Лукьян и Василиса, уже седые, но крепкие духом, встретили Победу, держась за руки. Они трудились из последних сил, молились за тех, кто не вернулся, и хранили тепло очага для тех, кто приходил с войны. К тому времени уже не стало ни Агафьи, ни Ульяны, но в каждом шуме листвы в саду, в каждом вздохе домашнего очага жила память о них.
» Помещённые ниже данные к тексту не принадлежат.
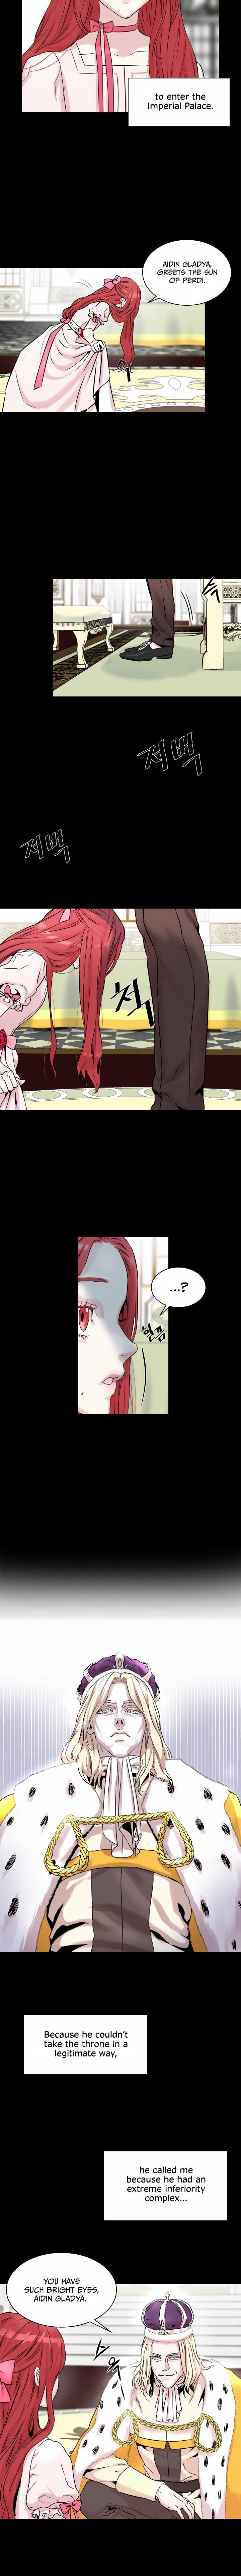 Aideen - Chapter 3 Page 6

Их большая семья, выросшая из зёрнышка доверия, брошенного когда-то на краю обрыва, стала крепким деревом с развесистой кроной. Пережив однажды ледяное дыхание недоверия и злобы, они не допустили его больше в свой дом. И завещали детям, внукам и правнукам простую, но великую мудрость: настоящая семья начинается не с безупречной репутации, а с умения прощать, не с показной чистоты, а с чистоты сердца, и строится она не на камнях осуждения, а на тёплом, живом песке взаимной поддержки и любви, способной пережить любую зиму и расцвести вновь с первой же весной.